Bolding v. C.I.R., 96-60112

Decision Date18 July 1997
Docket NumberNo. 96-60112,96-60112
Citation117 F.3d 270
Parties-5481, 97-2 USTC P 50,554 Dennis E. BOLDING; Dixie R. Bolding, Petitioners-Appellants, v. COMMISSIONER OF INTERNAL REVENUE, Respondent-Appellee.
CourtU.S. Court of Appeals — Fifth Circuit

Farley P. Katz, Charles J. Muller, III, Anthony E. Rebollo, III, Wells, Pinckney & McHugh, San Antonio, TX, for Petitioners-Appellants.

Gary R. Allen, Sara Smith Holderness, Loretta Argrett, Asst. Atty. Gen., Richard Bradshaw Farber, U.S. Department of Justice, Tax Division, Appellate Section, Washington, DC, Charles Casazza, Clerk, U.S. Tax Court, Washington, DC, Stuart L. Brown, Chief Counsel, Internal Revenue Service, Washington, DC, for Respondent-Appellee.
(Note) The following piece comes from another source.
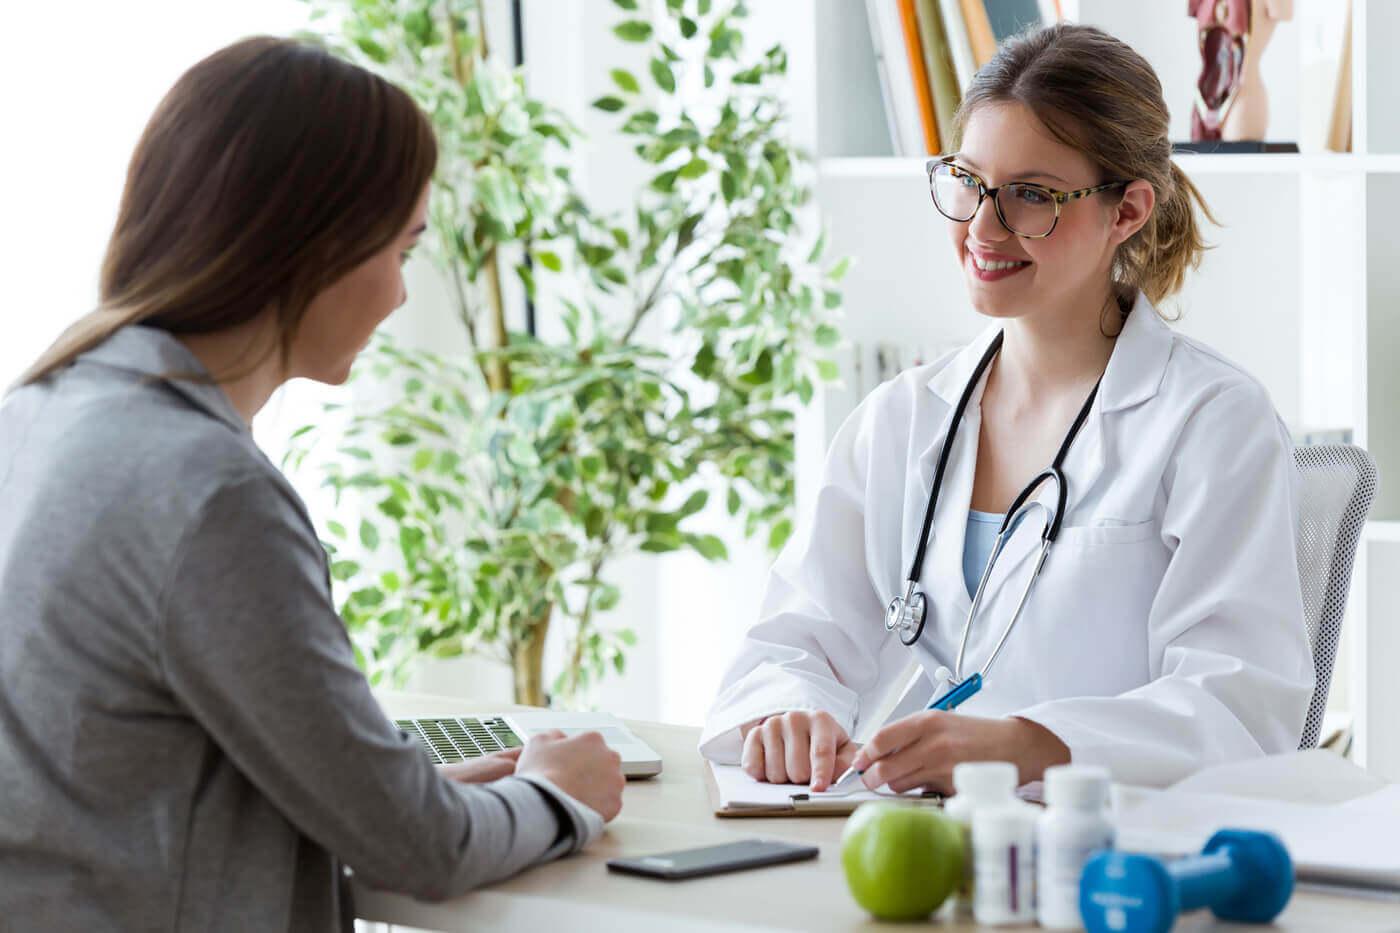 health coaching alongside medical professionals

Petition for Review of a Decision of the United States Tax Court.

Before REAVLEY, GARWOOD and BENAVIDES, Circuit Judges.

GARWOOD, Circuit Judge:

This appeal involves disputed deficiencies in the income tax returns of appellants Dennis and Dixie Bolding, husband and wife, for the taxable years 1988, 1989, and 1990. The Boldings filed a petition contesting the deficiencies in the United States Tax Court. The court entered a memorandum opinion, unofficially reported at 70 T.C. (CCH) 110, rendering a decision in favor of the Commissioner of Internal Revenue (Commissioner). We reverse.

Facts and Proceedings Below

In the late 1970s, Dennis Bolding (Taxpayer) 1 began a cattle ranch operation, breeding and selling cattle for the meat market. Taxpayer was advised by his accountant that he should conduct his cattle ranching operation through a corporation for liability purposes. Accordingly, in August 1983 Taxpayer formed Three Forks Land & Cattle Company (Three Forks), a Texas corporation which periodically engaged in both the commercial and the registered cattle businesses. 2 The corporation was structured as a Subchapter S corporation, and at all times was wholly owned by Taxpayer, who was its president.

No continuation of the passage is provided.